Vladimir Vapnik wrote:
“When solving a problem of interest, do not solve a more general problem as an intermediate step. Try to get the answer that you really need but not a more general one.”
Vapnik wrote this in the context of transductive learning, but the principle could also be applied to statistical pattern recognition tasks. If we just need to perform a hard classification, then we should aim to determine the decision boundary directly, rather than estimating the posterior probability of class membership and then threshold that at 0.5 (or some other threshold depending on the misclassification costs). In principle, we may be able to get better generalisation in terms of accuracy by following this principle as it focusses on the needs of the application, and avoids modelling compromises that benefit modelling of aspects of the data that are not relevant to the application at the expense of other aspects that are.
The performance of the SVM on real-world problems suggest that there may be some merit in this, but it is not easy to find a clear example where this is demonstrably the case. Can anyone suggest an example where a SVM will give better performance than an equivalent logistic regression model (i.e. kernels and regularisation should be available for the logistic regression model, so we are just comparing the loss used, rather than the other aspects of the models)? Preferably the example should demonstrate why this is the case.

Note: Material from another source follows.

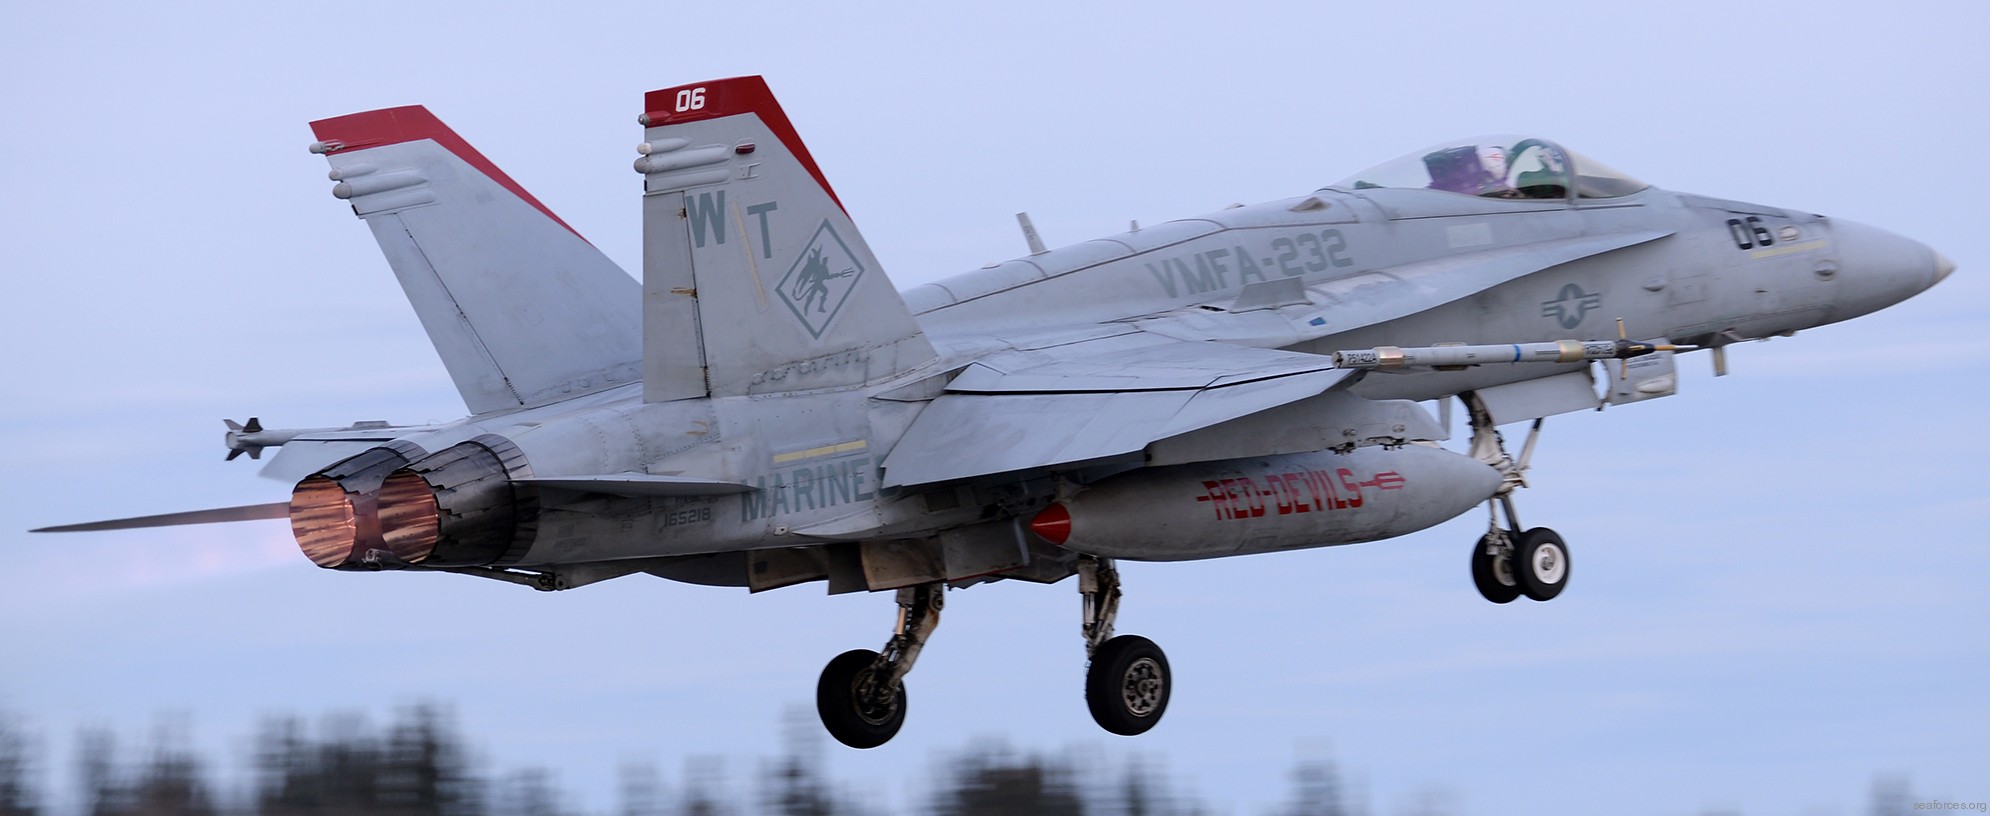 vmfa-232 red devils marine fighter attack squadron usmc f/a-18c hornet 117 exercise red flag alaska rfa

Obviously the no-free lunch theorem suggests that no classifier system is going to be superior for all datasets, and the theoretical justification for the SVM is largely a worst-case analysis, so the SVM may be better in pathologically difficult problems, but not necessarily the average case.
Personally I prefer kernel logistic regression over the support vector machine, largely because the hyper-parameter tuning is much easier, and I think they are likely to give broadly similar results. However, I have an open mind where the needs of the application mean that the limitations of the SVM (e.g. having to know misclassification costs a-priori) are not a problem.
Please can we avoid discussions of whether accuracy is a good performance metric. It has issues, but there are some applications where accuracy is the relevant statistic of interest, and there have already been good discussions of this topic.
Note the answer here is the sort of thing I am looking for, but unfortunately it isn't correct (see my comment on the answer).